Sept témoins oculaires ont corroboré et précisé ses dires. Ayant assisté à la scène, un coursier de 29 ans témoigne que la « dame avec l’imperméable beige toute calme se fait agripper violemment le cou par le policier ». Lequel, ensuite, « lui assène un coup violent dans les jambes ». Un juriste explique qu’elle est « prise à la gorge très violemment ». Une riveraine dit le voir « empoigner très fortement la femme qui n’avait absolument rien fait ». Une courtière en assurances de 33 ans abonde : la quadragénaire n’opposait « aucune résistance ».

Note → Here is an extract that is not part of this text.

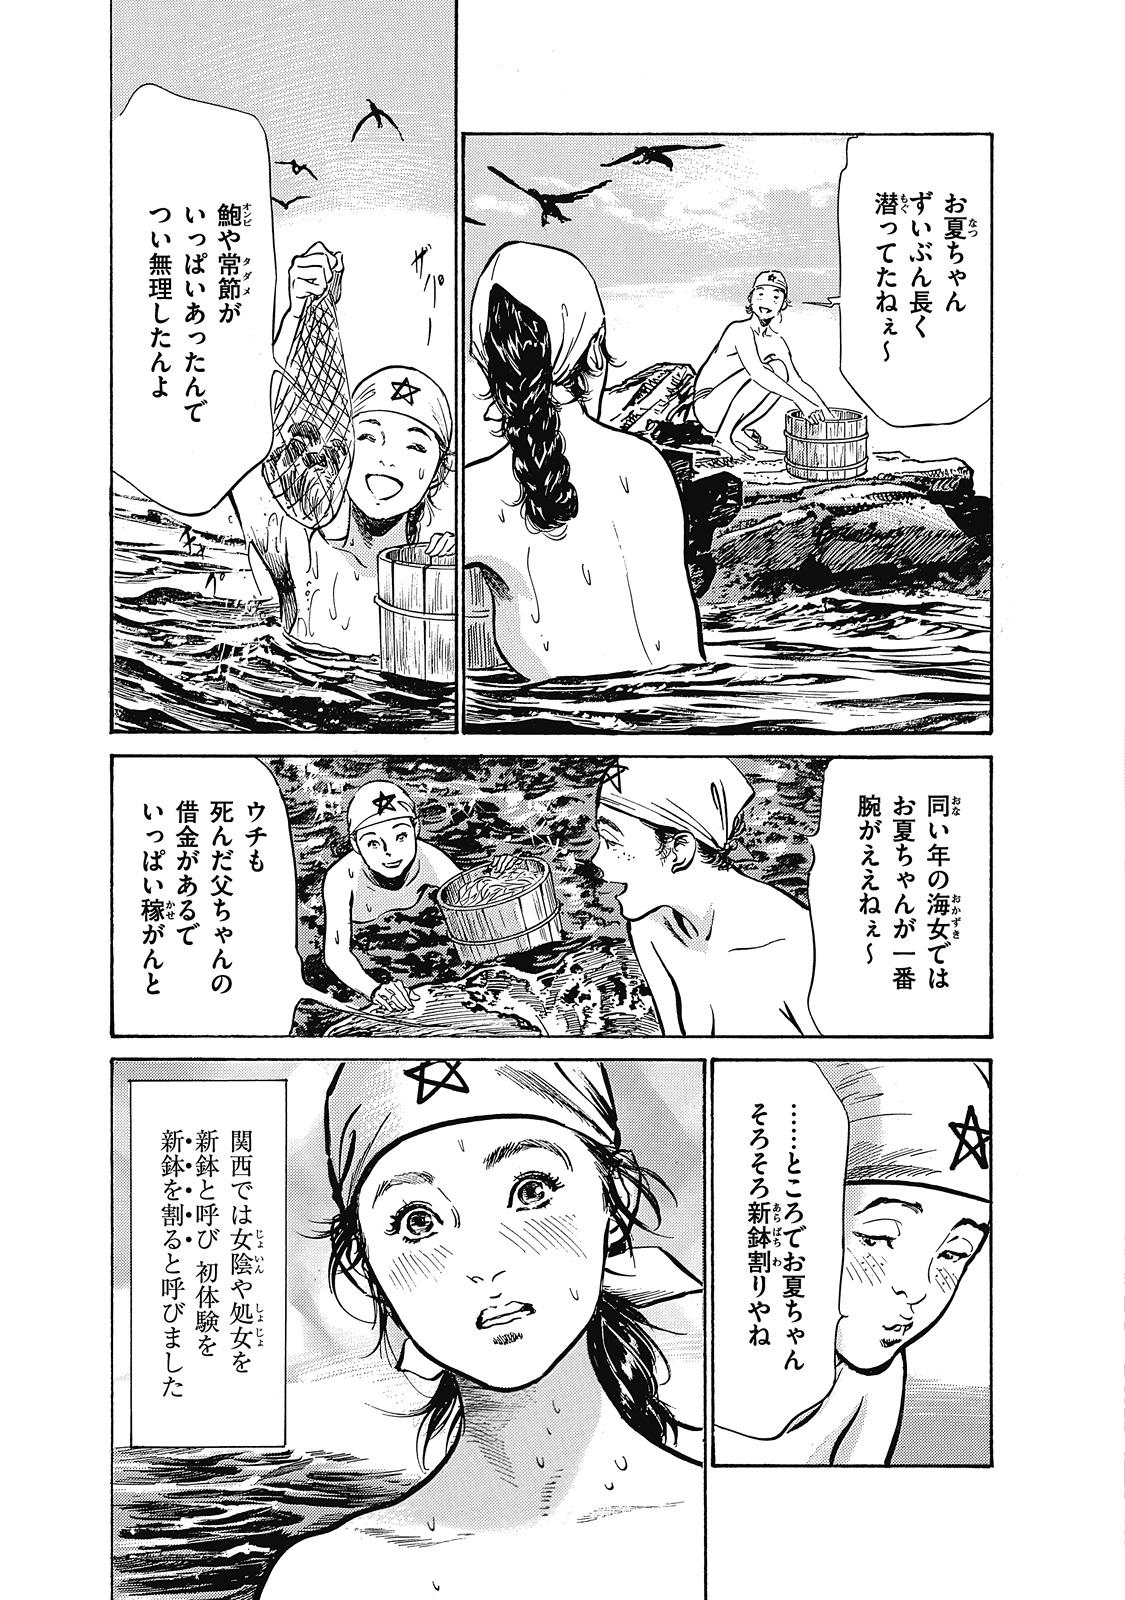 Groupsex Ukiyo Tsuya Zoushi 6 Bedroom - Page 7
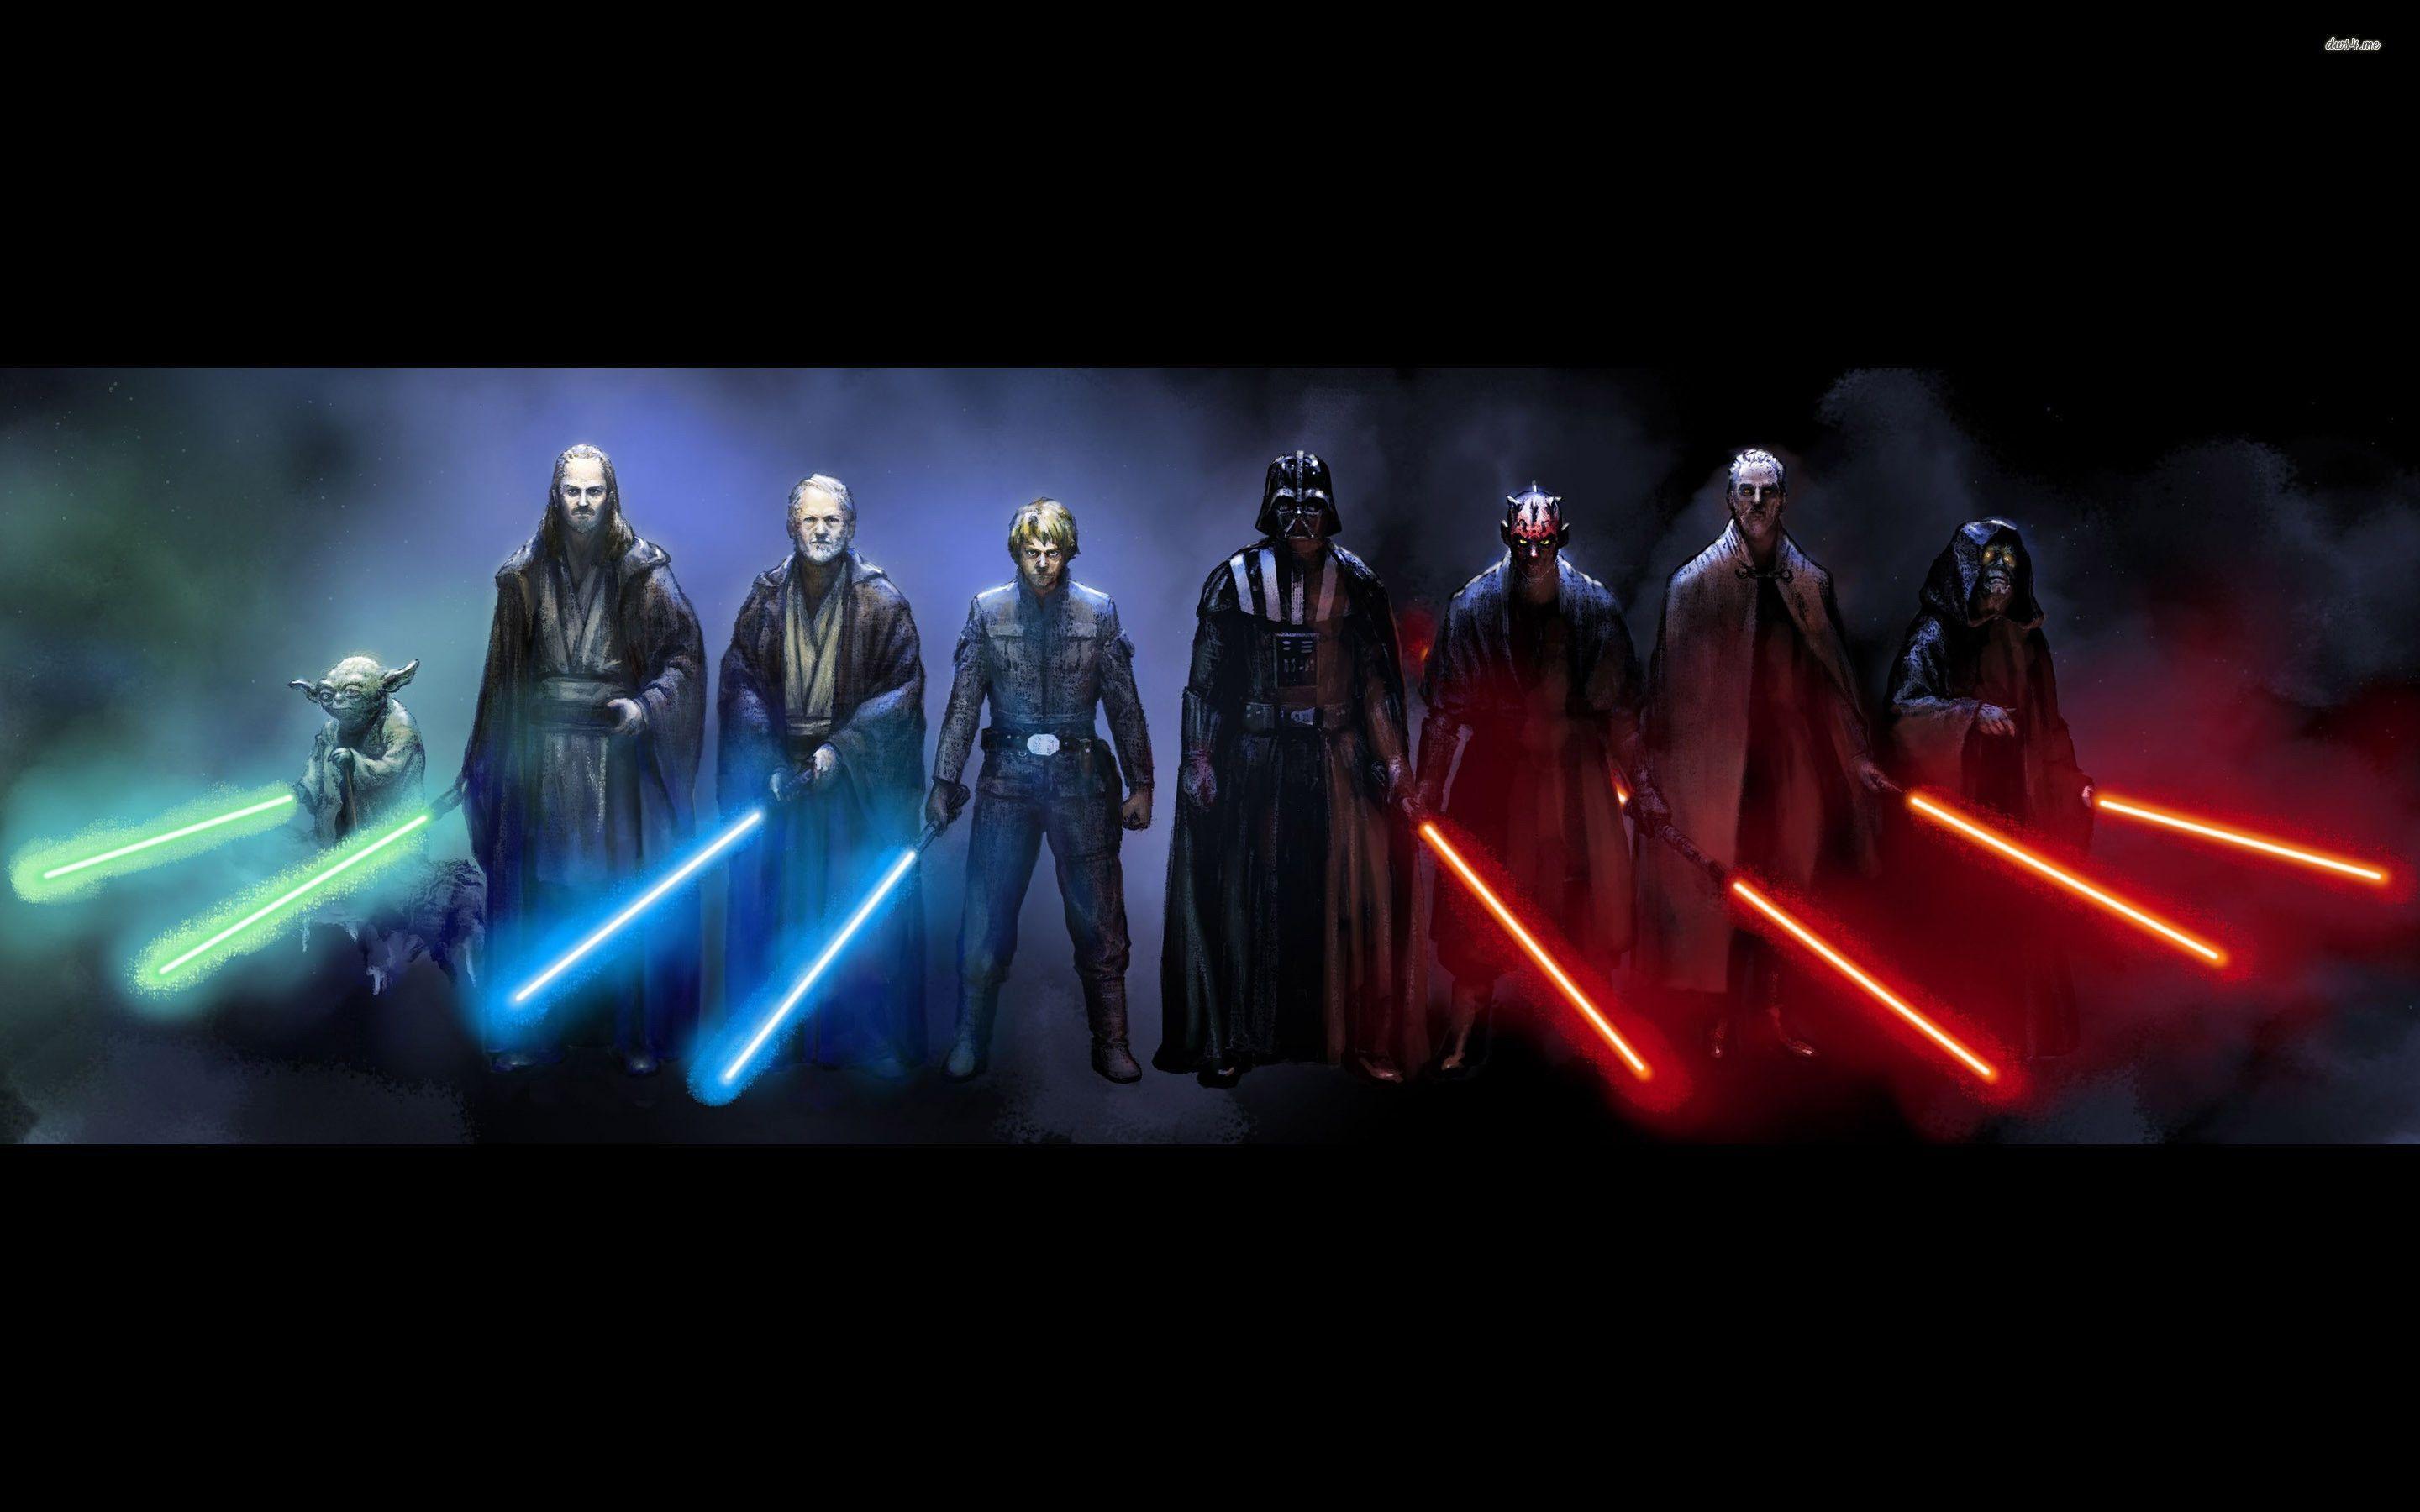 Star Wars Jedi Wallpaper

C’est pourquoi son avocat, Me David Curiel, accuse l’agent de la BAC d’avoir « travesti la réalité » sur procès-verbal. « On pourrait le poursuivre pour faux en écriture publique », un crime passible des Assises, tonne le pénaliste. Les procès-verbaux comporteraient un élément factuellement faux — le policier serre son cou, non son manteau — et le degré de violence du policier semble décrite de manière euphémisée. Cette édulcoration est-elle volontaire ? Les autres policiers ont-ils eu une confiance aveugle dans le récit de leur collègue qui influence en retour leurs récits à eux ? In fine, ces PV signés par des agents assermentés sont-ils le reflet de la réalité ? Des questions peu anodines alors que la France débat des violences policières, des situations où il n’y a souvent ni témoin, ni vidéo, et se résumant à un inégal duel policier-plaignant.

Images de la préfecture de police, qui ne montrent qu’une partie incomplète de la scène.

SOUS L’EMPRISE D’UN “GESTE D’ÉTOUFFEMENT”

Toujours est-il qu’au tribunal de Paris le 3 juin dernier, la présidente de la 28e chambre correctionnelle, Agnès Herzog, a détricoté le récit du policier. Non seulement Leila a-t-elle selon la magistrate « tenté courageusement d’enjoindre l’agresseur à cesser de porter des coups à la victime au sol », mais si elle a en effet « tordu le pouce gauche » du policier, c’était pour « mettre fin à sa sensation d’étouffement » infligée par le gardien de la paix, non pas pour « porter atteinte à on intégrité physique », conclut la juge. Elle était « indéniablement sous l’emprise d’un geste d’étouffement », comme en attestent les lésions figurant sur les certificats médicaux.

Ces derniers, établis à l’hôpital Bichat, montrent que le policier n’a pas fait que l’éconduire ou la maintenir par le col. Les urgences où est conduite Leila N. au cours de sa garde à vue, concluent à un « trauma contusion cervicale droite », des « pétechies cervicales latérales droite », une « ecchymose » de 5 cm au cou, une « ecchymose violacée » de 6 cm au tibia. Sa situation est telle qu’elle réclame un second passage aux urgences plus tard dans la nuit, à cause des « douleurs cervicales ». L’hôpital lui prescrit des antalgiques supplémentaires et Leila dit avoir passé la nuit à pleurer en cellule.

Ironie de l’histoire, Florian G. est lui-même revenu sur sa version des faits à l’audience, sans doute involontairement, convenant que la femme avait tordu son pouce par « geste de self-defense ». Sollicité, son avocat Me Noé Gout a précisé qu’il ne fera « aucune déclaration ».

De son côté, Leila N. avait déposé plainte auprès de l’IGPN pour ce qu’elle considère être des violences policières. Cette plainte a été classé sans suite.